In connection with the Merger, and at the Effective Time, each of the nine directors of the Company immediately prior to the Effective Time (Neale Attenborough, Yuval Braverman, Terry Burman, David F. Dyer, Kenneth B. Gilman, Theo Killion, John B. Lowe, Jr., Joshua Olshansky and Beth M. Pritchard) voluntarily resigned from the Board of Directors of the Company, and Ronald W. Ristau, Lynn Dennison and Michael W. Barnes became the directors of the Company.
 
On May 30, 2014, Jim Sullivan resigned as Vice President, Controller and Chief Accounting Officer of the Company, effective immediately.
 
Item 5.03. Amendments to Articles of Incorporation or Bylaws; Change in Fiscal Year.

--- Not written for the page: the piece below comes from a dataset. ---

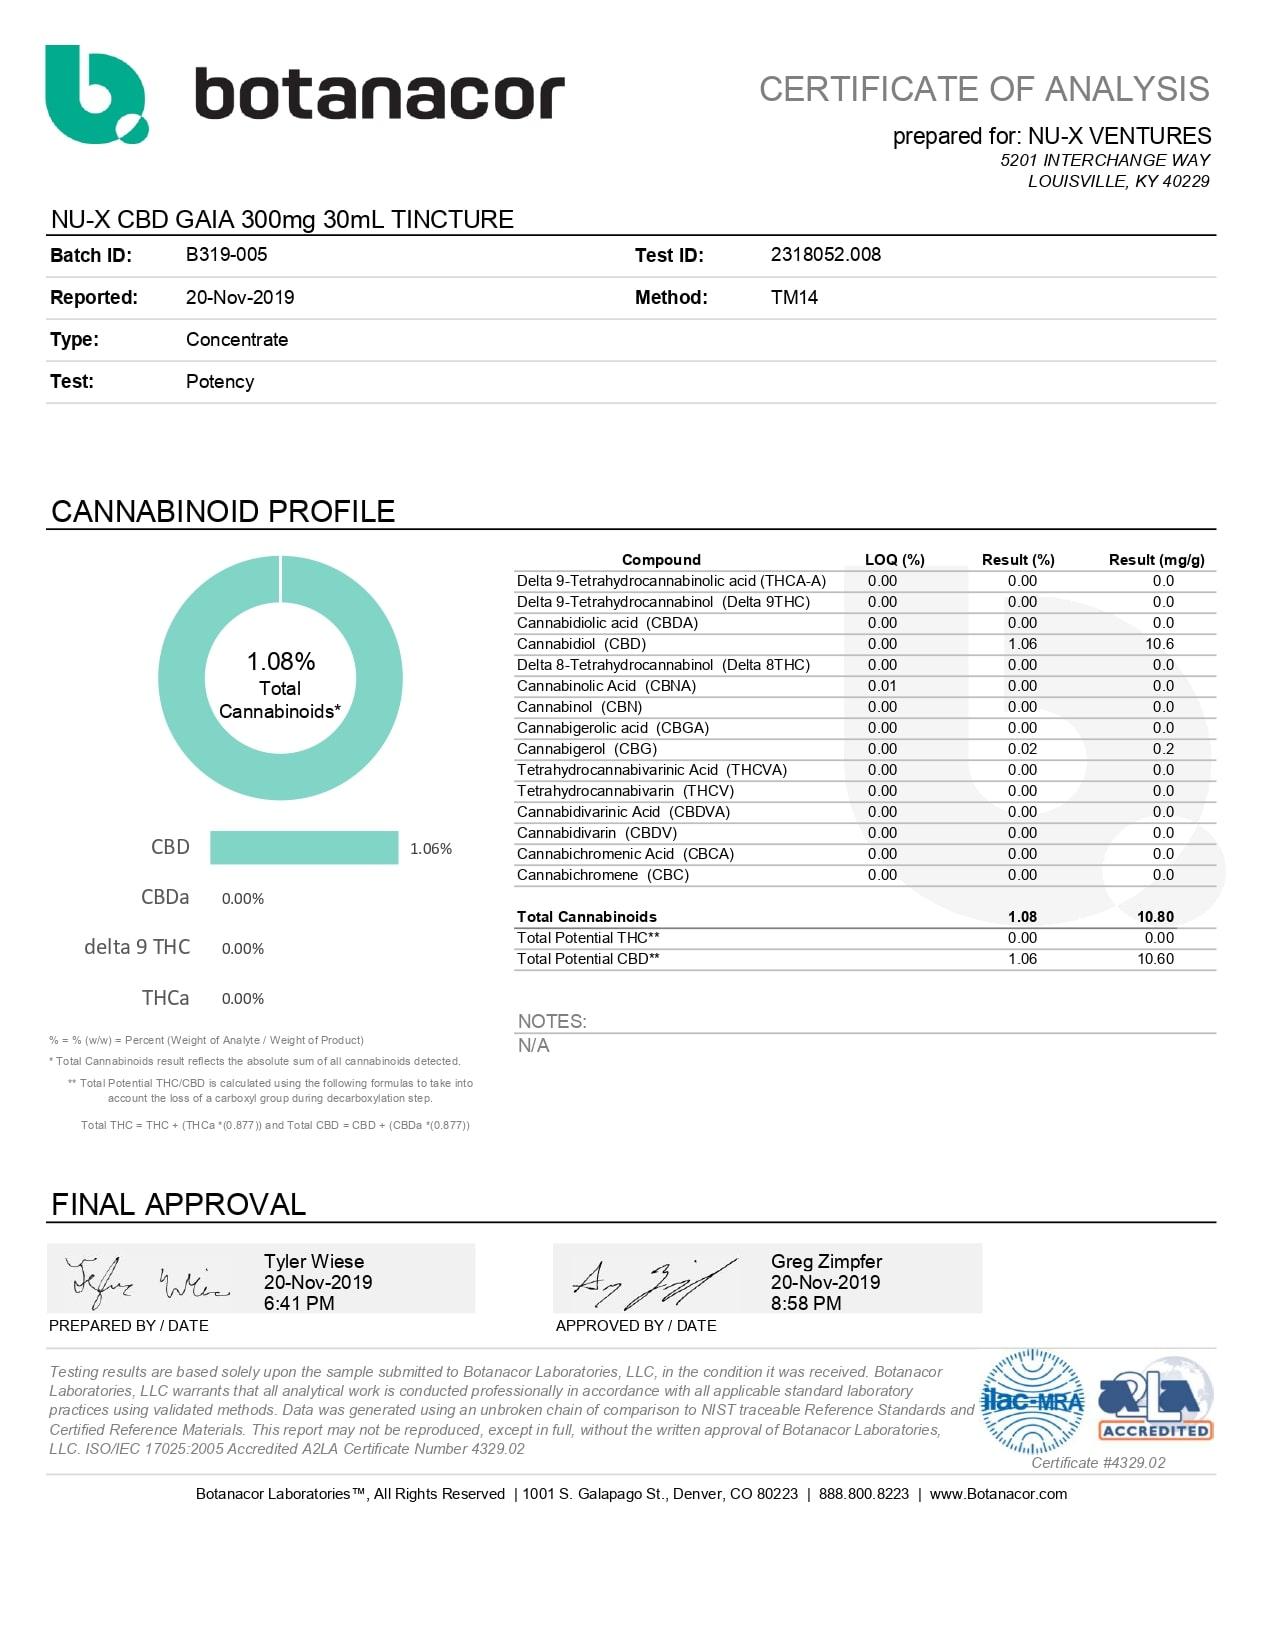 NU-X CBD Tincture Lab Report Gaia Pina Colada Coconut 300mg
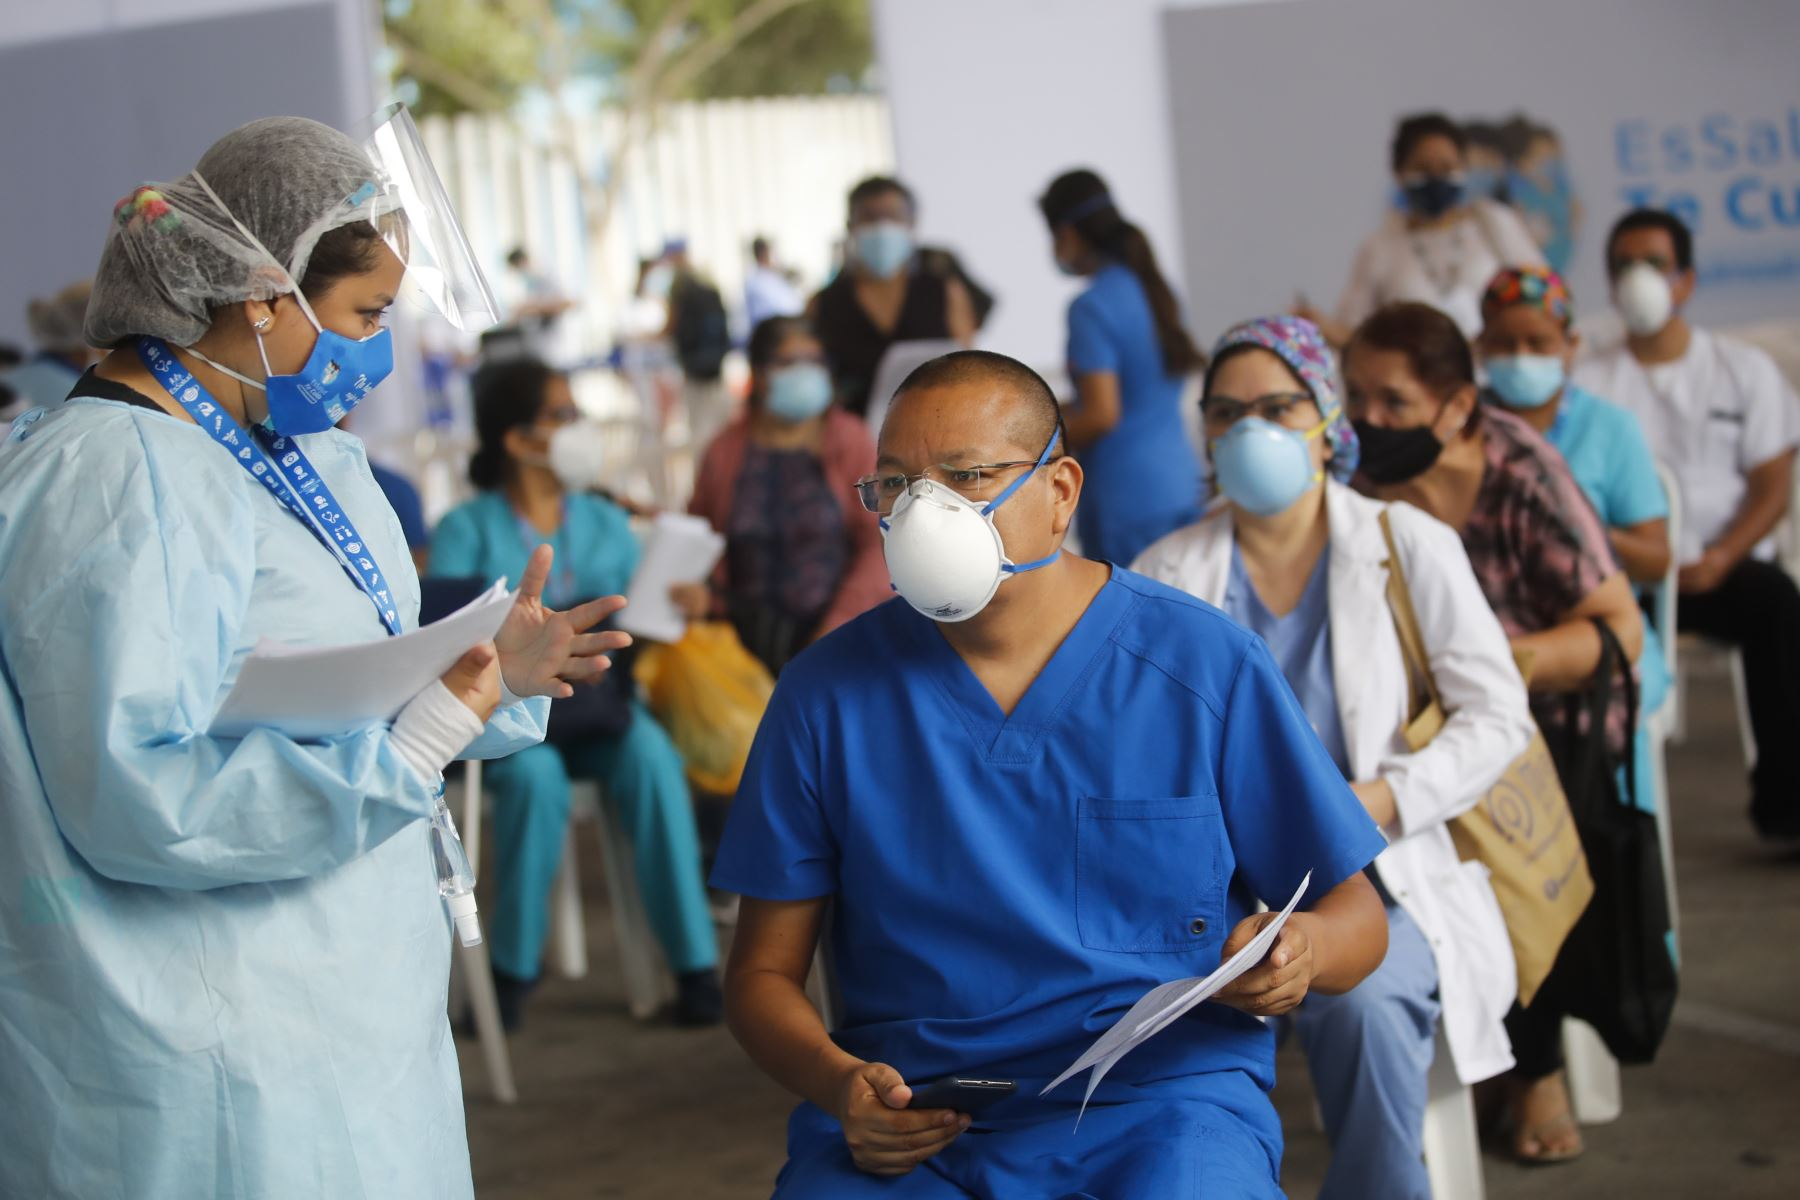 Personal médico del Hospital Edgardo Rebagliati a la espera de recibir la vacuna contra el Covid-19.  Foto:ANDINA / Juan Carlos Guzmán Negrini

Pursuant to the terms of the Merger Agreement, and at the Effective Time, the certificate of incorporation of the Company was amended and restated in its entirety, and the bylaws of Merger Sub as in effect immediately prior to the Effective Time became the bylaws of the Company (other than as to the name of the Company, which remains “Zale Corporation”).  Copies of the amended and restated certificate of incorporation of the Company and the bylaws of the Company are filed as Exhibits 3.1 and 3.2 hereto, respectively, and are incorporated herein by reference.
 
 
 
 

 

 
Item 9.01. Financial Statements and Exhibits.

(d)           Exhibits

Exhibit
No.
 
Description
     
2.1
 
 
Agreement and Plan of Merger, dated as of February 19, 2014, among Zale Corporation, Signet Jewelers Limited and Carat Merger Sub, Inc. (incorporated by reference to Exhibit 2.1 to the Company’s Current Report on Form 8-K filed with the SEC on February 19, 2014).
     
3.1
 
Amended and Restated Certificate of Incorporation of Zale Corporation.
     
3.2
 
Amended and Restated Bylaws of Zale Corporation.

***********
 
 
 
 

 


SIGNATURE

Pursuant to the requirements of the Securities Exchange Act of 1934, the registrant has duly caused this Report to be signed on its behalf by the undersigned hereunto duly authorized.
 
 
Zale Corporation
 
       
Date: May 29, 2014
By:
/s/ Thomas A. Haubenstricker  
    Name: Thomas A. Haubenstricker  
   
Title:   Senior Vice President,
    Chief Financial Officer
 
       
 
 
 
 

 
 
 
EXHIBIT INDEX

Exhibit
No.
 
Description
     
2.1
 
Agreement and Plan of Merger, dated as of February 19, 2014, among Zale Corporation, Signet Jewelers Limited and Carat Merger Sub, Inc. (incorporated by reference to Exhibit 2.1 to the Company’s Current Report on Form 8-K filed with the SEC on February 19, 2014).
     
3.1
 
Amended and Restated Certificate of Incorporation of Zale Corporation.
     
3.2
 
Amended and Restated Bylaws of Zale Corporation.